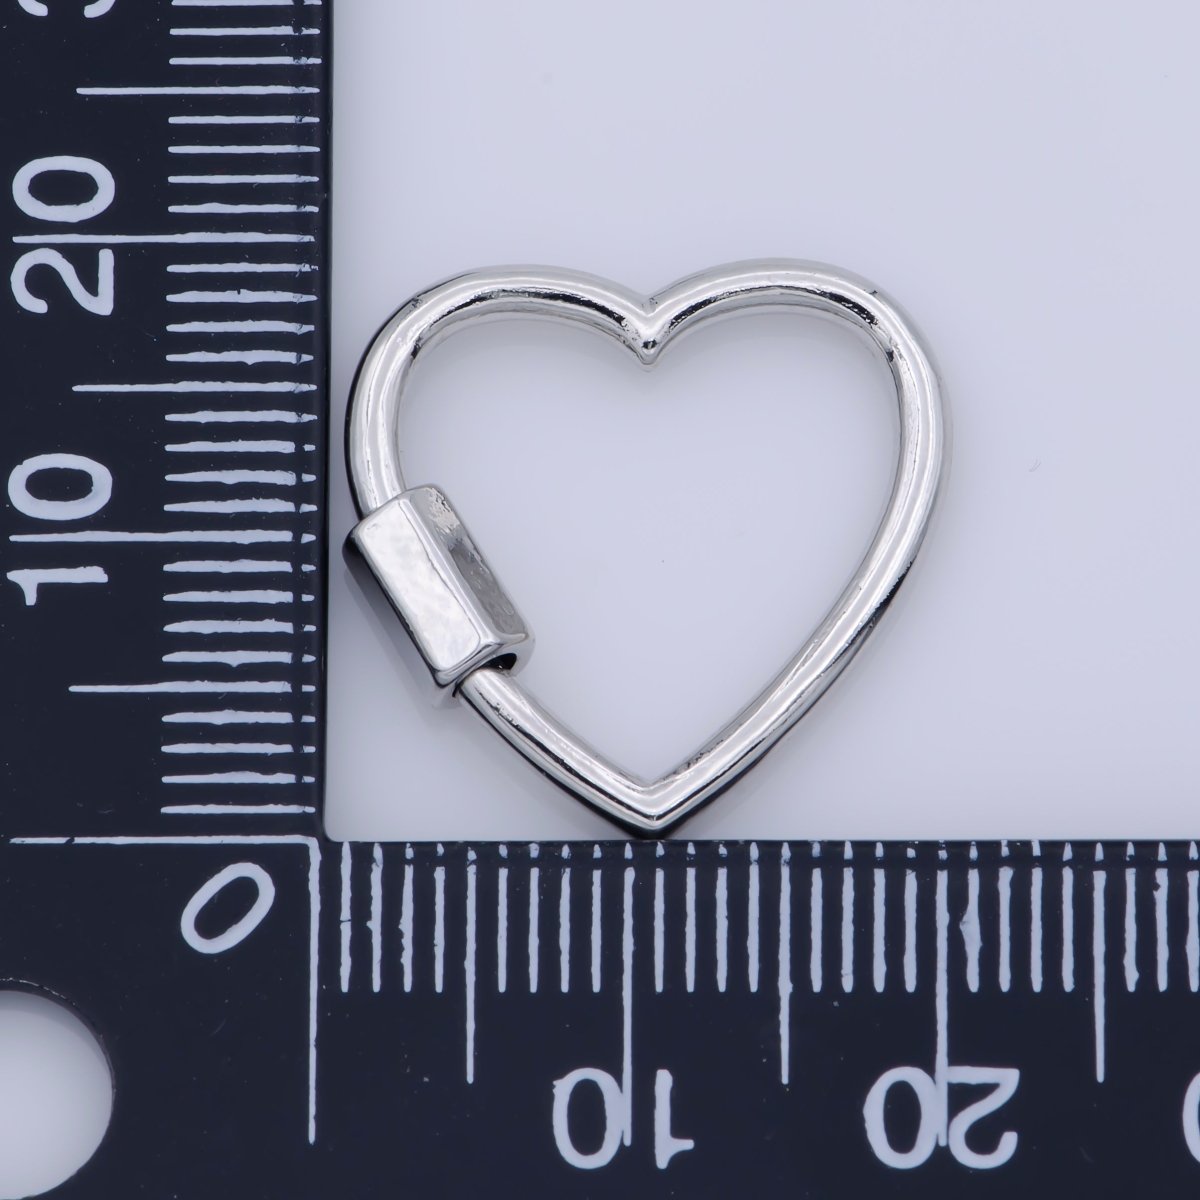 Dainty Heart Clasp in Gold Filled - White Gold Filled Love with Screw On Mechanism carabiner clasp Bracelet Clasp 20mmx19mm K-265 - DLUXCA
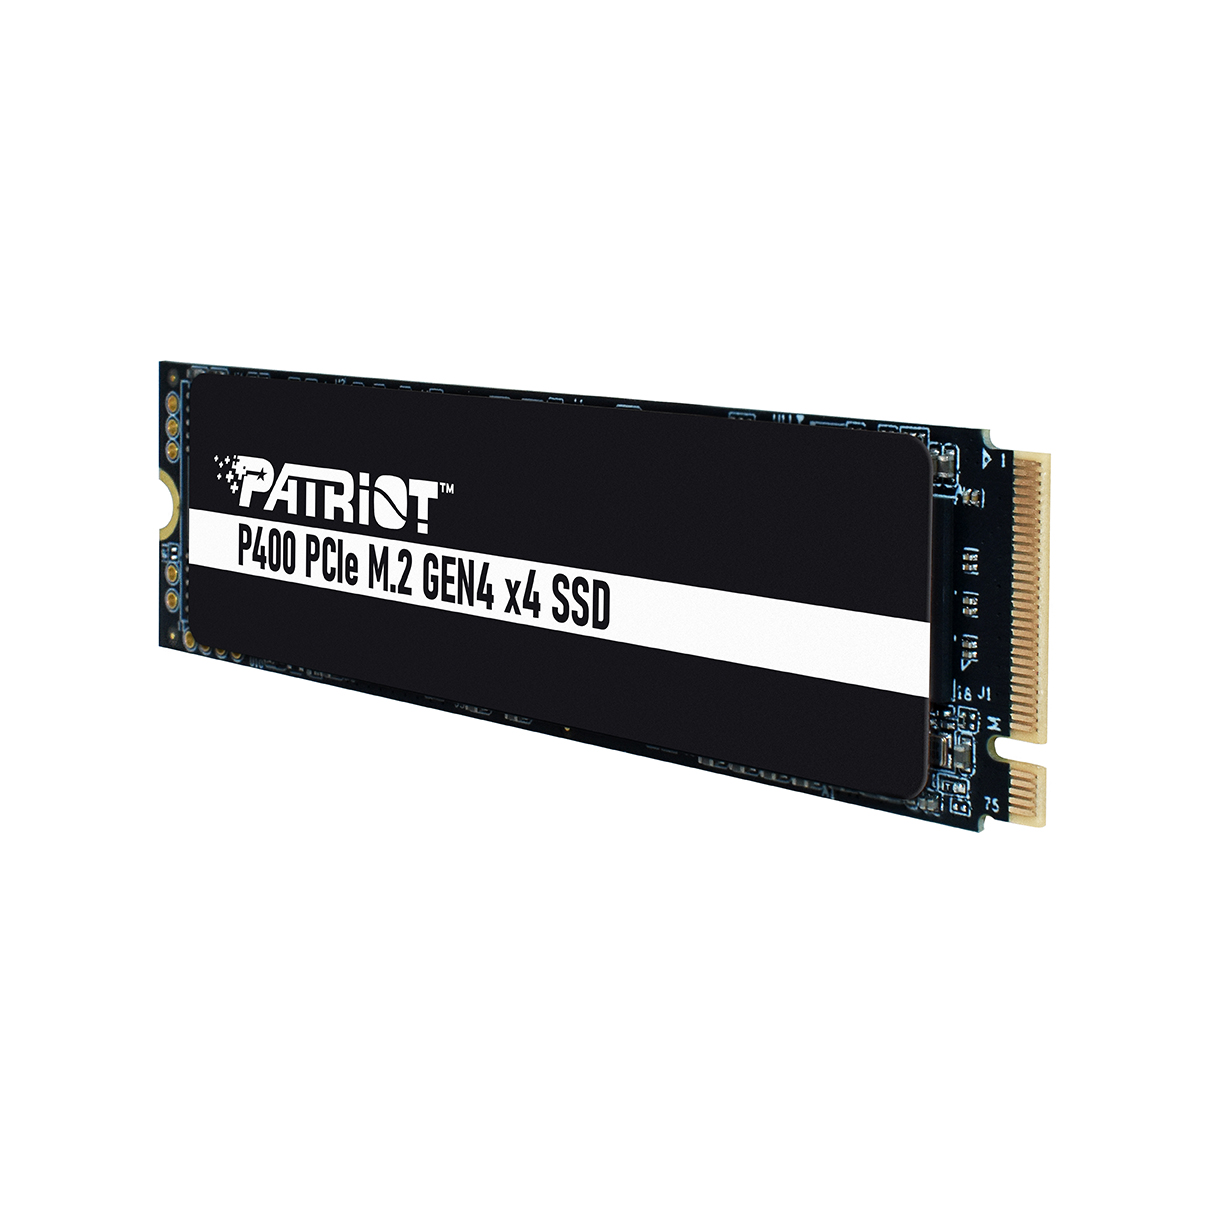 Media asset in full size related to 3dfxzone.it news item entitled as follows: PATRIOT annuncia la linea di drive a stato solido P400 PCIe Gen4x4 NVMe M.2 | Image Name: news32890_Patriot-P400-1TB_1.jpg
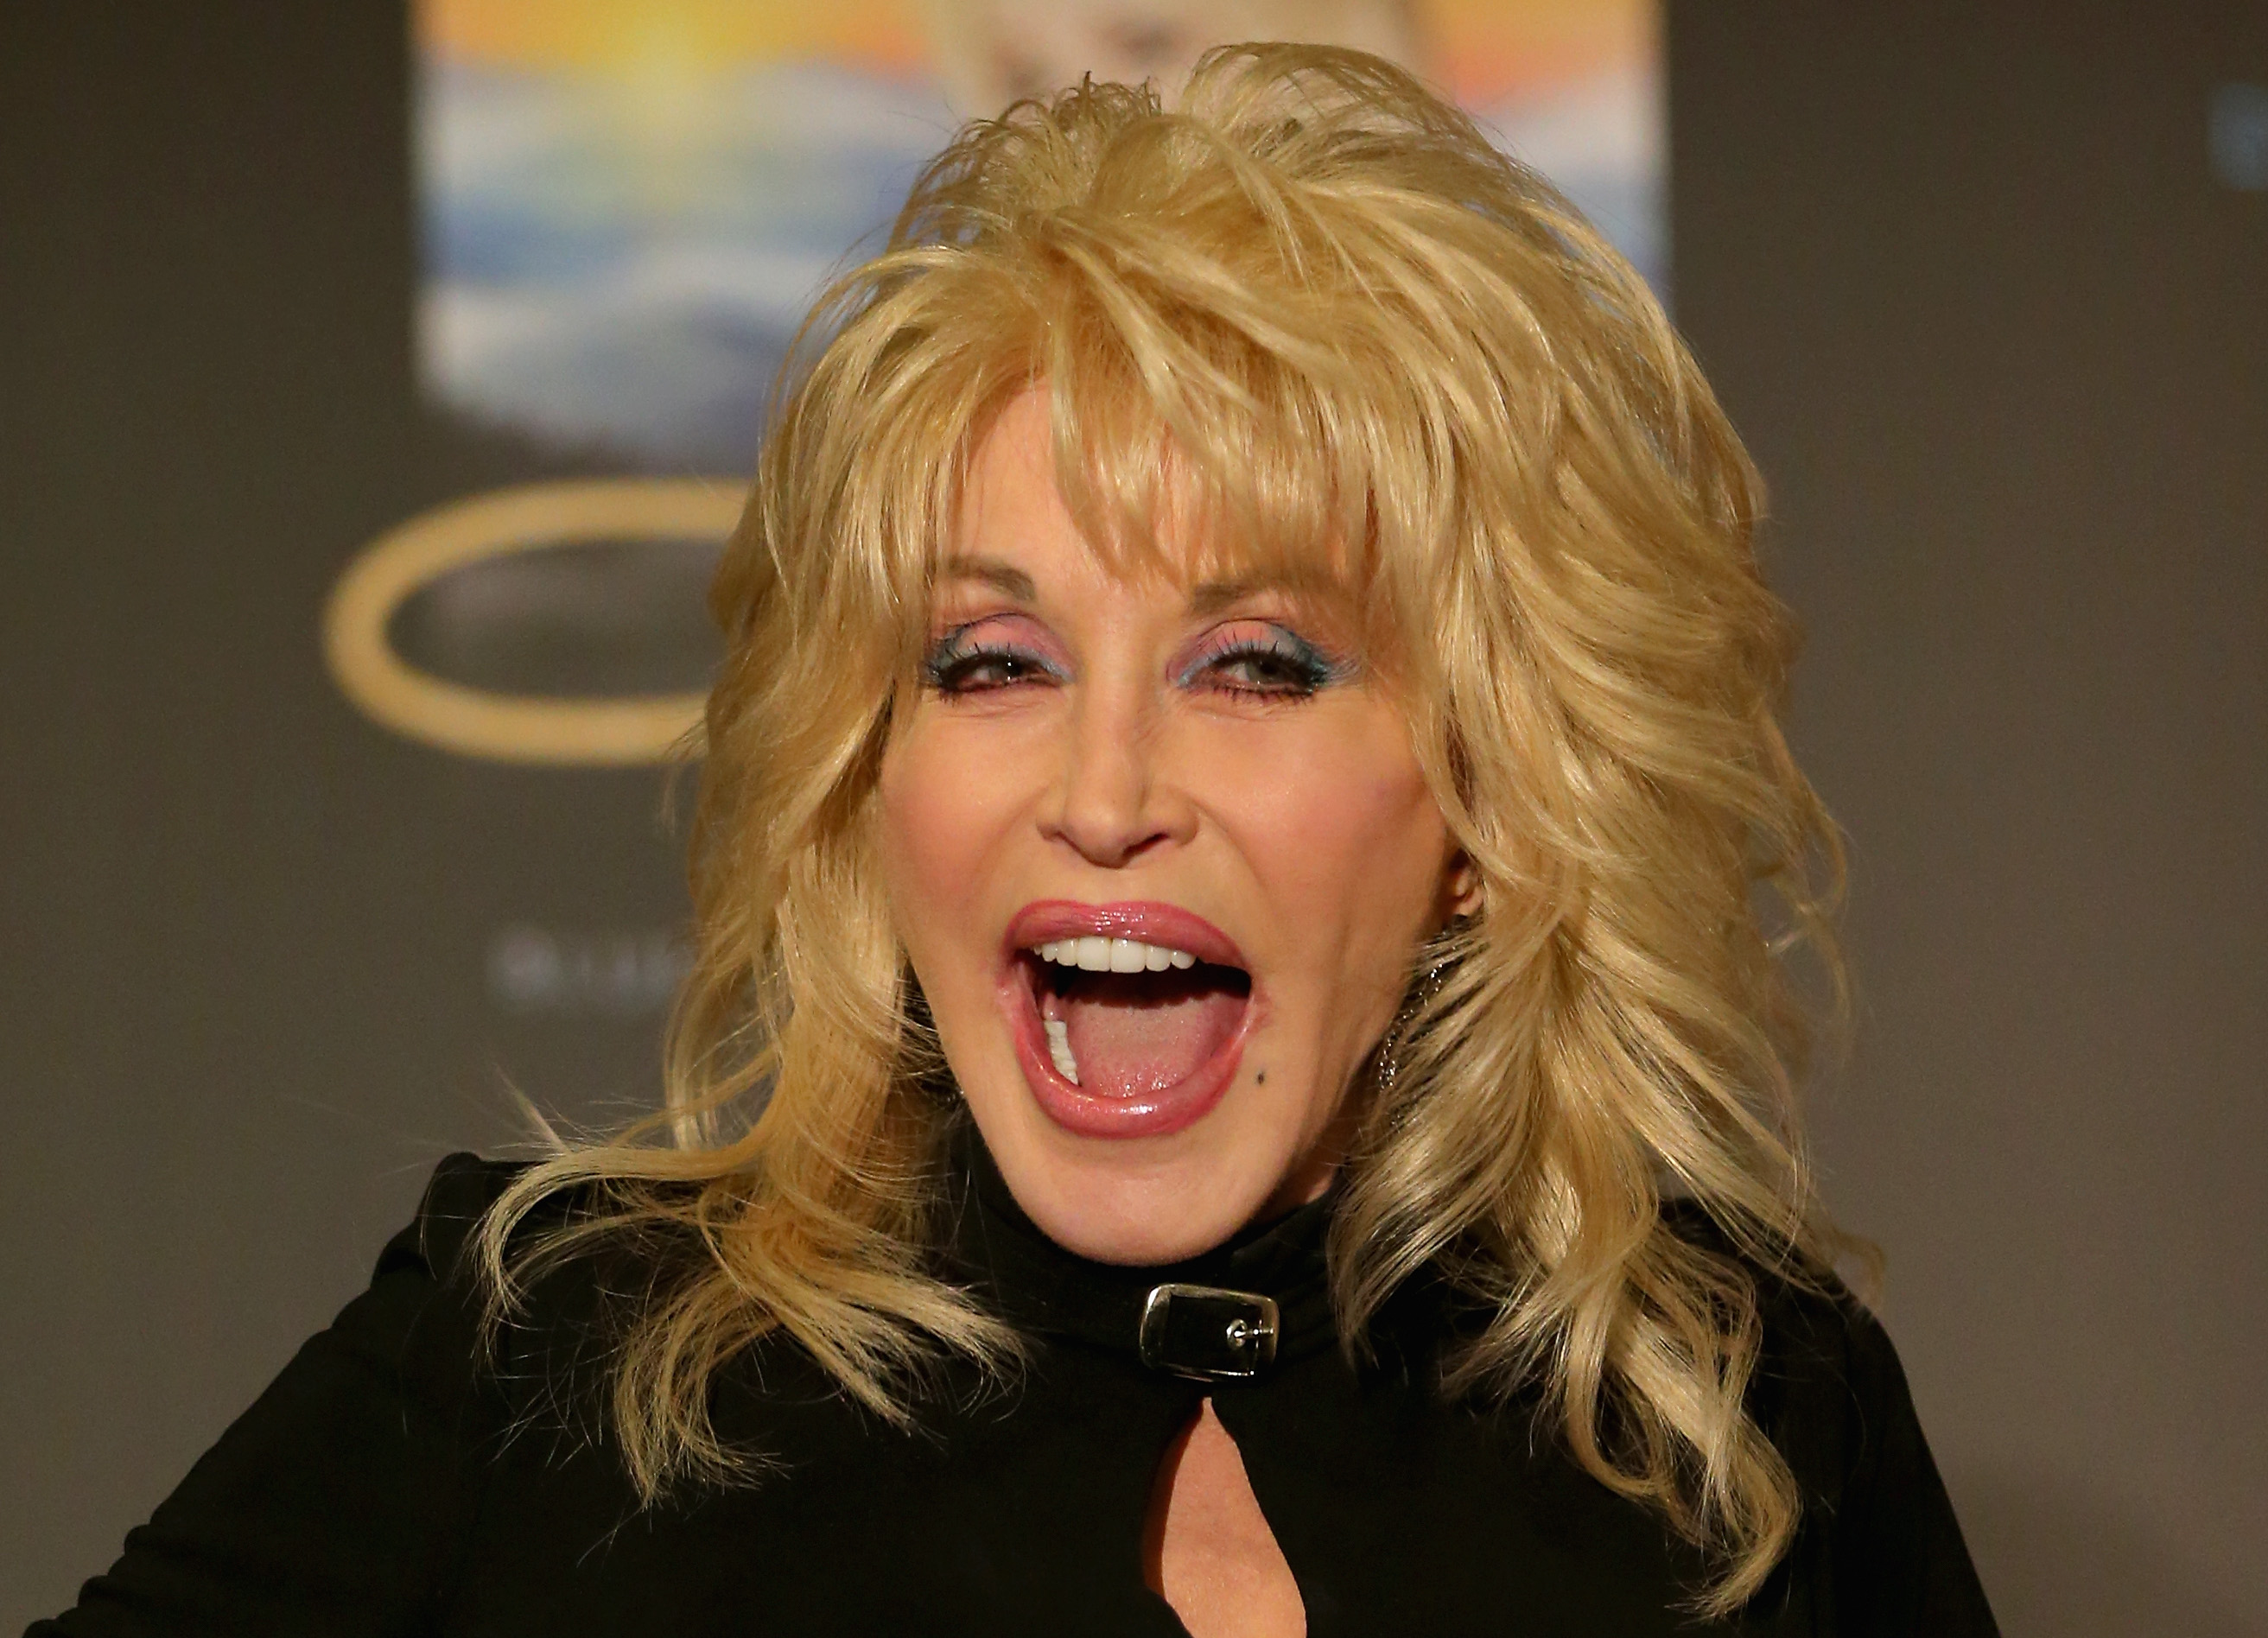 Dolly Parton speaks to the media during a press conference at Rod Laver Arena on February 11, 2014 in Melbourne, Australia.

**********

→ About this exercise: Everything from the line that contains "Media asset in" through the final line of the material should be returned exactly, except the pictures.

→ Answer for this exercise:
 Media asset in full size related to 3dfxzone.it news item entitled as follows: PATRIOT annuncia la linea di drive a stato solido P400 PCIe Gen4x4 NVMe M.2 | Image Name: news32890_Patriot-P400-1TB_1.jpg
 Dolly Parton speaks to the media during a press conference at Rod Laver Arena on February 11, 2014 in Melbourne, Australia.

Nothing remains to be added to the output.